Fire up ghci; load FOL/Examples.hs

We prove example formula "m3" as follows:

*Examples> proveM (SequentM [] [m3]) []
|- ((ALL a. O(a, a)) --> (ALL a. (EX b. O(a, b))))

As in the other backwards provers, the list is a list of rules. We begin with implies on the right:

*Examples> proveM (SequentM [] [m3]) [iR]
(ALL a. O(a, a)) |- (ALL a. (EX b. O(a, b))) 

We continue with all on the right, which introduces a new variable ?b, that is fresh:

*Examples> proveM (SequentM [] [m3]) [iR,alR]
(ALL a. O(a, a)) |- (EX b. O(?b, b)), (ALL a. (EX b. O(a, b))) 

Next we apply exists on the right, providing a term as required by the rule:

*Examples> proveM (SequentM [] [m3]) [iR,alR,eR (toTerm "?b")]
(ALL a. O(a, a)) |- O(?b, ?b), (ALL a. (EX b. O(a, b)))

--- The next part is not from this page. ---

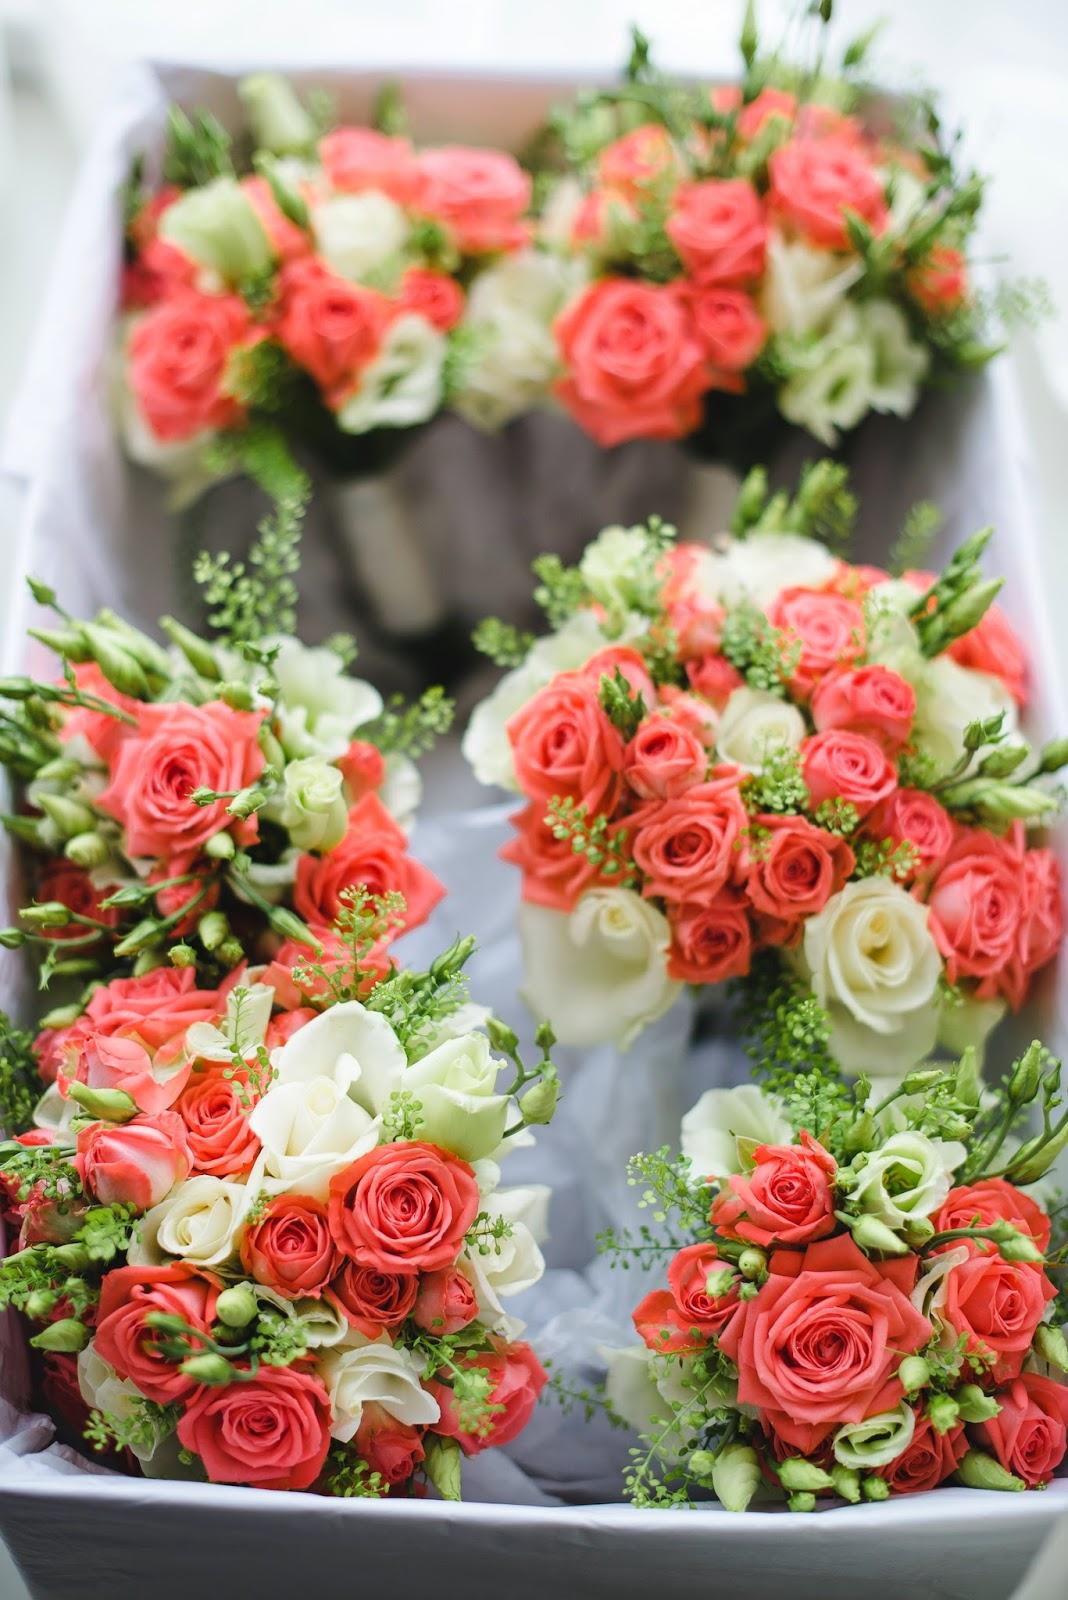 Bridal Wedding Flowers Blenheim Palace Orangery, Joanna Carter Wedding Flowers, Oxford, Oxfordshire, Buckinghamshire, Berkshire and London

This is followed with all on the left, which also requires a term. We again use "?b" as the term:

*Examples> proveM (SequentM [] [m3]) [iR,alR,eR (toTerm "?b"), alL (toTerm "?b")]
O(?b, ?b) |- O(?b, ?b), (ALL a. (EX b. O(a, b)))

We complete the proof with the axiom rule:

*Examples> proveM (SequentM [] [m3]) [iR,alR,eR (toTerm "?b"),alL (toTerm "?b"),ax]


The proof succeeds silently.

What to do

  1. Work some examples from HR Exercises 2.3 problems 9 and 13.
  2. Advanced: Add some automation? Play with Paulson's prover.

What to turn in.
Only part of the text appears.